3. Don't be rude. Few things piss me off more than rudeness in public to total strangers. This includes the use of obscene language in front of kids. Don't piss me off. (That should probably be rule #1, and actually summarizes all the other rules.)
4. Please do not have joyous reunions with long-lost friends in the middle of a walkway. So you haven't seen so-and-so in years? Great! So they're looking good? Fantastic! So you really need to get together sometime and catch up with each other? Super! Now, would you mind stepping off to the side? I'm trying to shop.

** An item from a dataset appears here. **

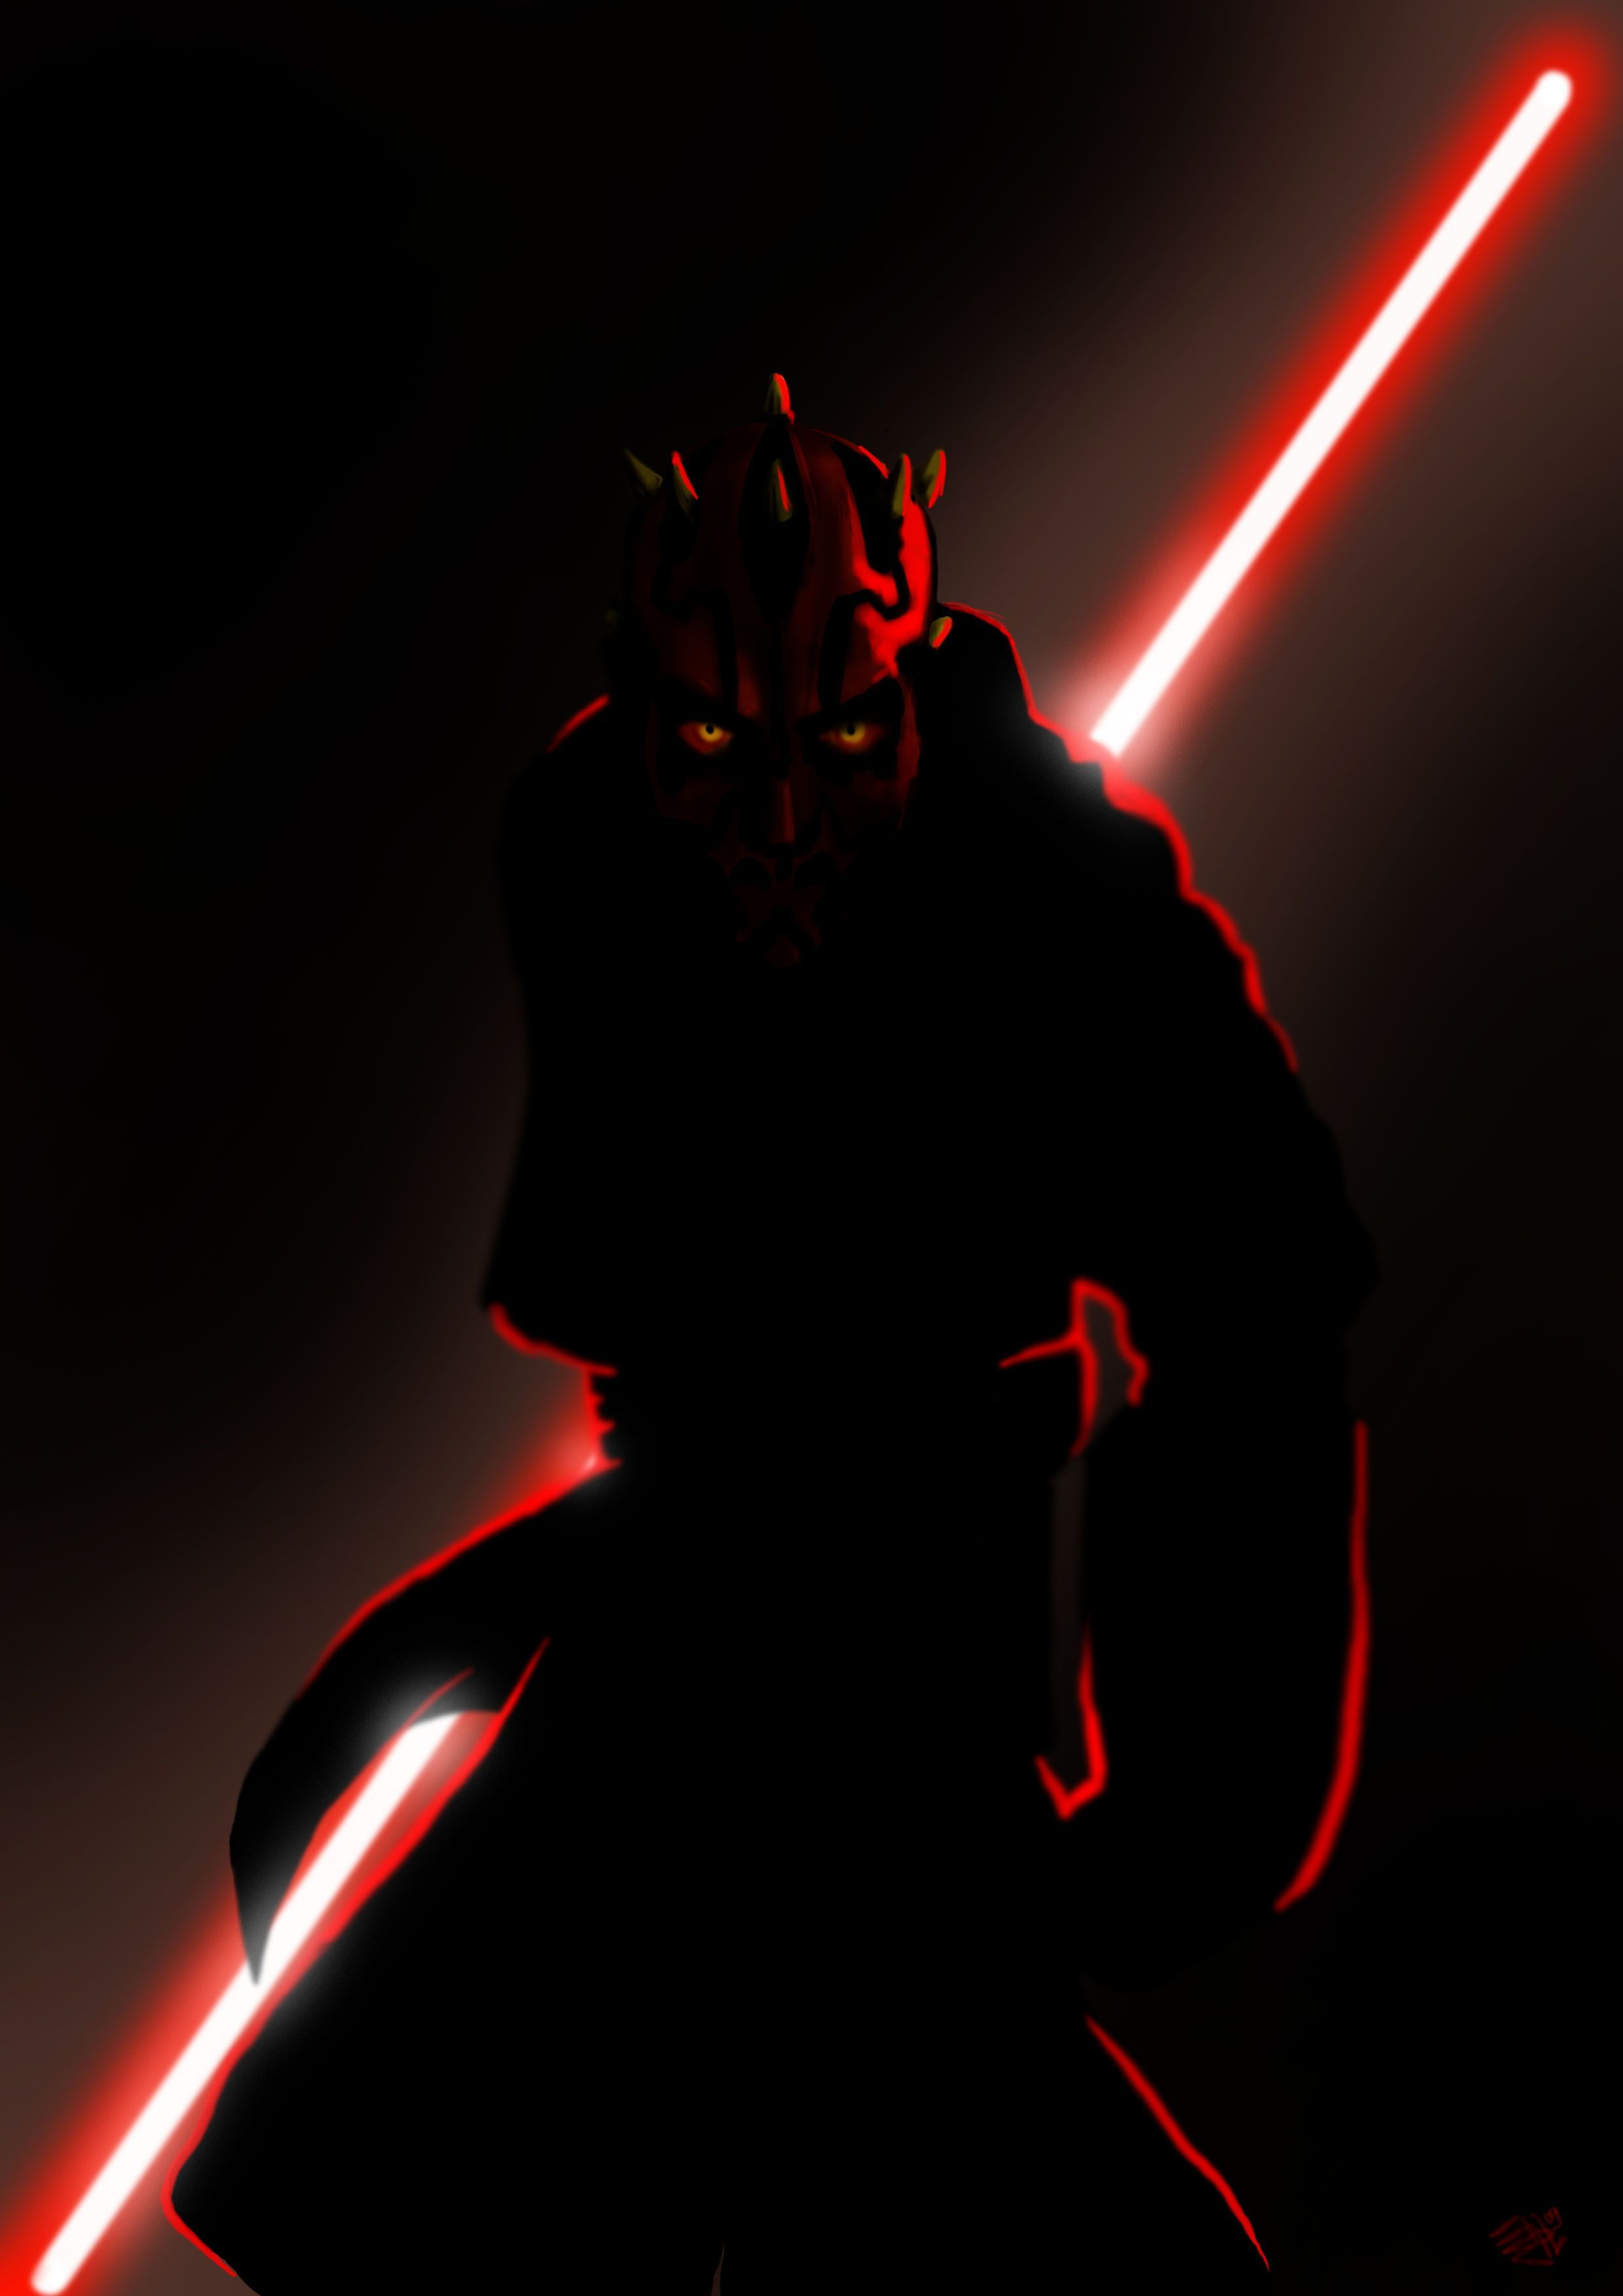 Star Wars Darth Maul Wallpapers Top Free Star Wars Darth Maul Backgrounds Wallpaperaccess

5. Please do not engage in conversation circles. A conversation circle is a fascinating human geometric structure created when three or more people meet in the middle of a walkway and decide to talk. If it's just two people, they tend to stand face to face, about 24 to 36 inches apart. (This is true in the U.S.; there was a study a while back that shows that this distance, and the likelihood of physical contact, varies from country to country.) Three people will form a triangle with each person about 18 - 24 inches apart, shoulder to shoulder. Four people will form a diamond, five people a pentagon, with the shoulder-to-shoulder distance decreasing but the diameter of the construct always increasing. I once saw a conversation circle made of about 12 people, all standing shoulder to shoulder, forming an impenetrable circle about ten feet across in the middle of a walkway. People going in every direction had to squeeze around the people in the conversation circle, who were blissfully unaware of the existence of anyone other than themselves. Which brings us to the next rule:
6. You are not the only person in the world. Some people slip into solipsism while shopping. They will stand in the middle of an aisle, oblivious to the fact that other people are trying to navigate the aisle with their shopping carts. You are not the only shopper in the store, nor even the most important shopper. I am. Which brings us to the next rule:
7. Get out of my way. There are many different types of shoppers. The two extremes are the Saunterers and the Guided Missiles. These roughly correspond to "gatherers" and "hunters". In a Mall, Saunterers will move slowly and aimlessly, apparently waiting for inspiration to strike them, or perhaps waiting for the drugs to wear off. Guided Missiles know exactly what they want and where they have to go to get it. They move with determination and speed, which doesn't always work well in a Mall walkway jammed with Saunterers. The Guided Missiles will weave in and out of the Saunterers, who are often known to come to complete stops for no readily apparent reason. I am a Guided Missile, and a big one at that. Get out of my way, and we'll all be happier. And finally...
Special rule for retailers: Baby, it's cold outside. This is especially true in regions like Northeastern Pennsylvania where temperatures can get painfully cold during the Christmas shopping season. People shopping indoors need to dress for the weather outdoors. That means hats and scarves and heavy coats. So unless your store has a heated indoor parking lot, or offers changing rooms and lockers or a coat check room, please do not heat your establishment to make everybody toasty and warm. This may be great for employees, but it will tend to make shoppers grouchy and overheated. And sweaty. And smelly. I can smell them. If your store or Mall is full of smelly sweaty people, I'm gettin' out of there. And I don't want to walk out of your sweltering hot store into the freezing cold air. That will also piss me off.
So, see? Very simple rules that, if we all follow them, will make me happy this holiday shopping season. And when I'm happy, it's a better shopping experience all around.
*More pleasant for me, that is. But trust me, you want me to be happy when I'm out amongst the crowds.